> _WORK TASK_:
Given the entries below, would you transcribe exactly the lines starting at the one with "Etseib-Motorsport-Blog-Banner" and ending at the one with "hurricane dorian batters", both kept, pictures omitted, nothing extra?

> _RECORDS_:
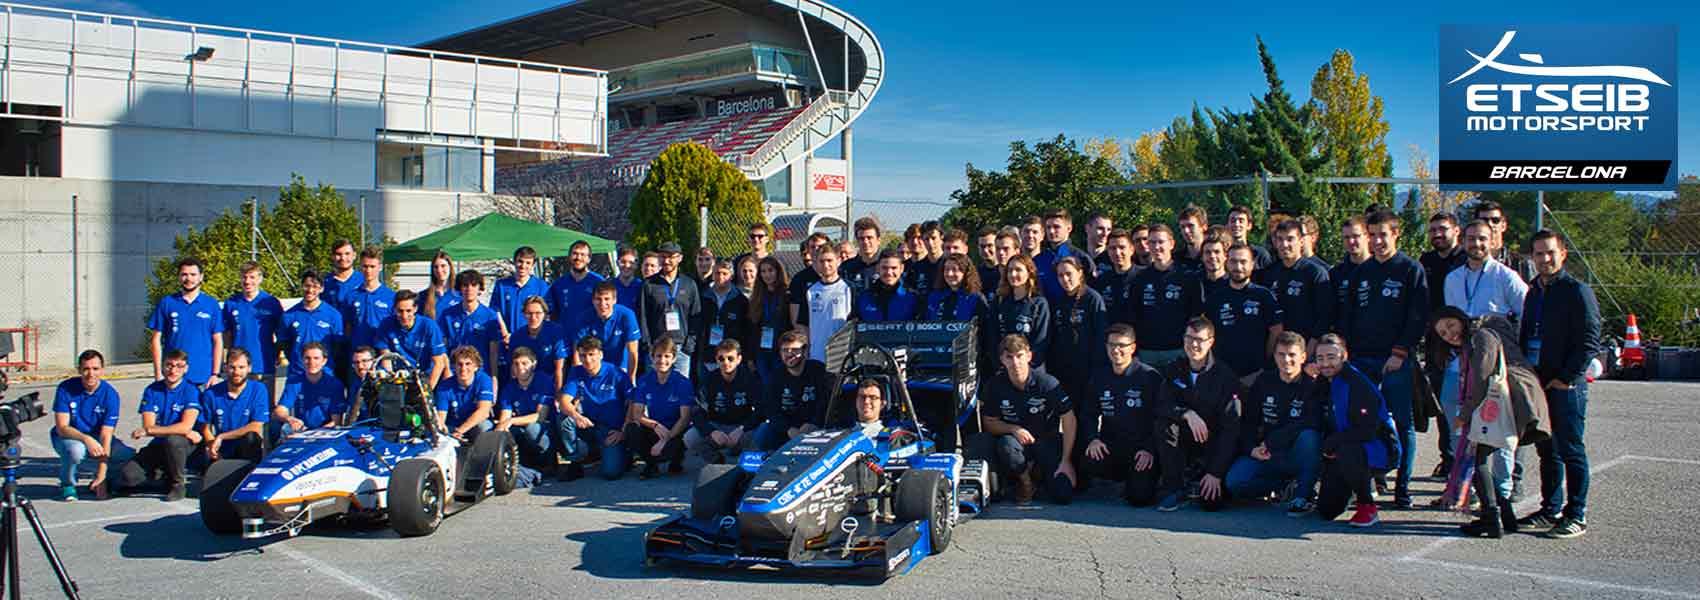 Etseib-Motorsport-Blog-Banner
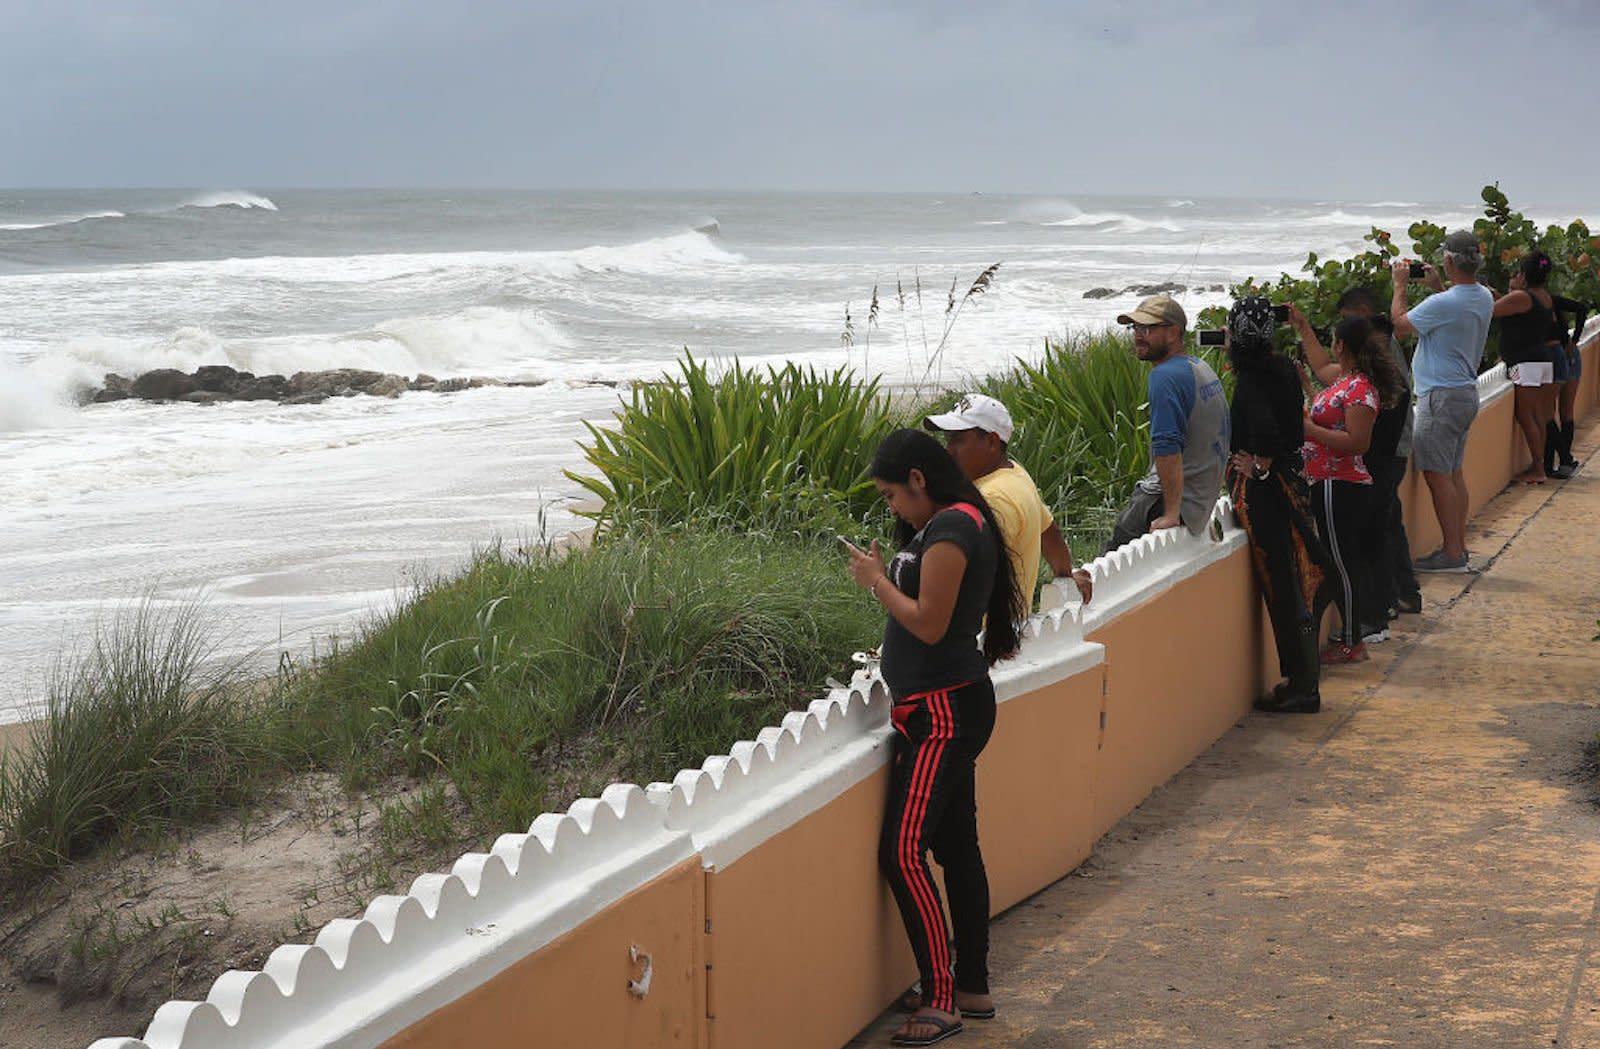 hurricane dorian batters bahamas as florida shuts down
==
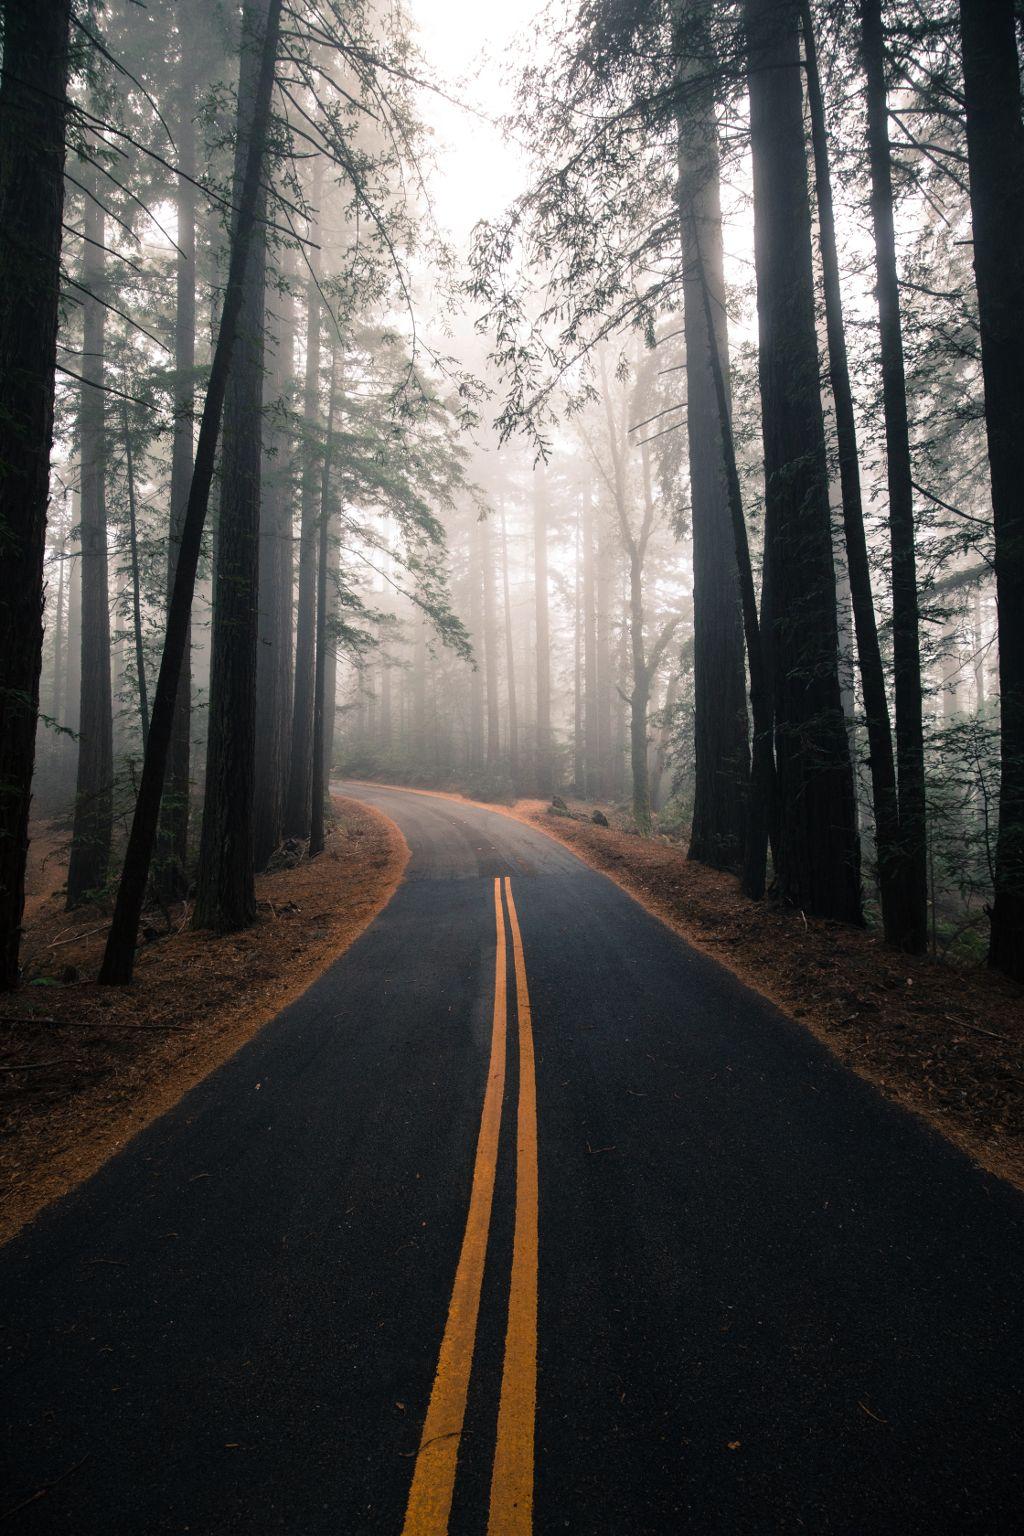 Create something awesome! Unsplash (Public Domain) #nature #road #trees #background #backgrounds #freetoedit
==
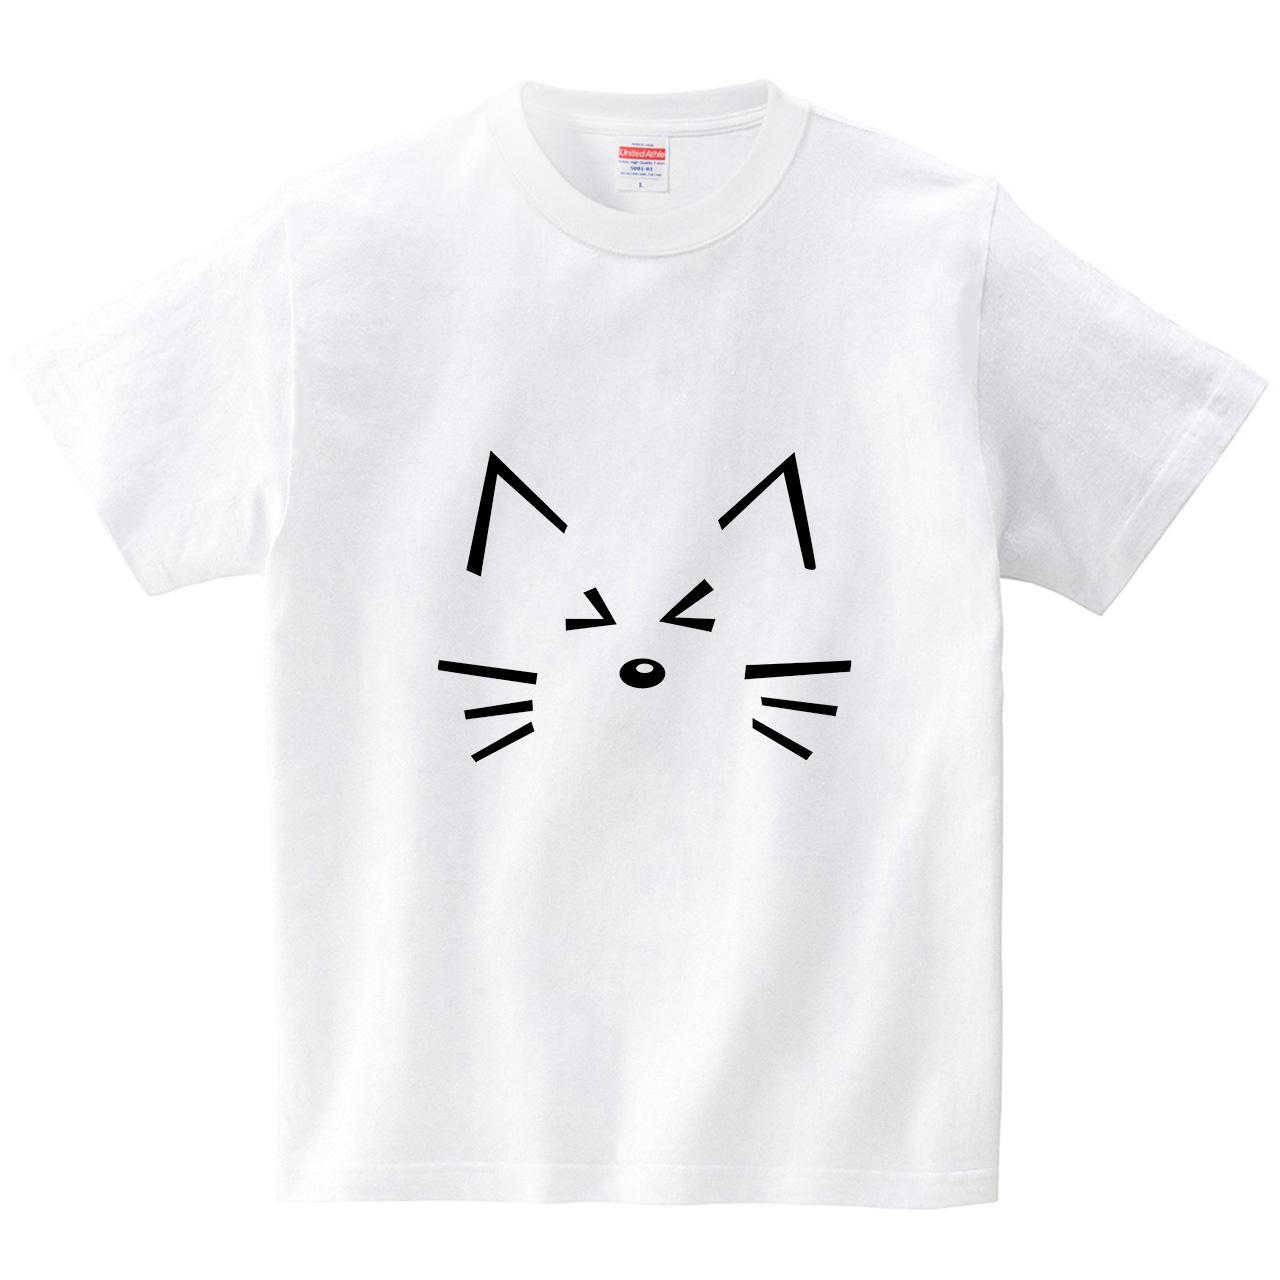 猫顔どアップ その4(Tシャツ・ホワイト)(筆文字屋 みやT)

> _ANSWER BELOW_:
 Etseib-Motorsport-Blog-Banner
 hurricane dorian batters bahamas as florida shuts down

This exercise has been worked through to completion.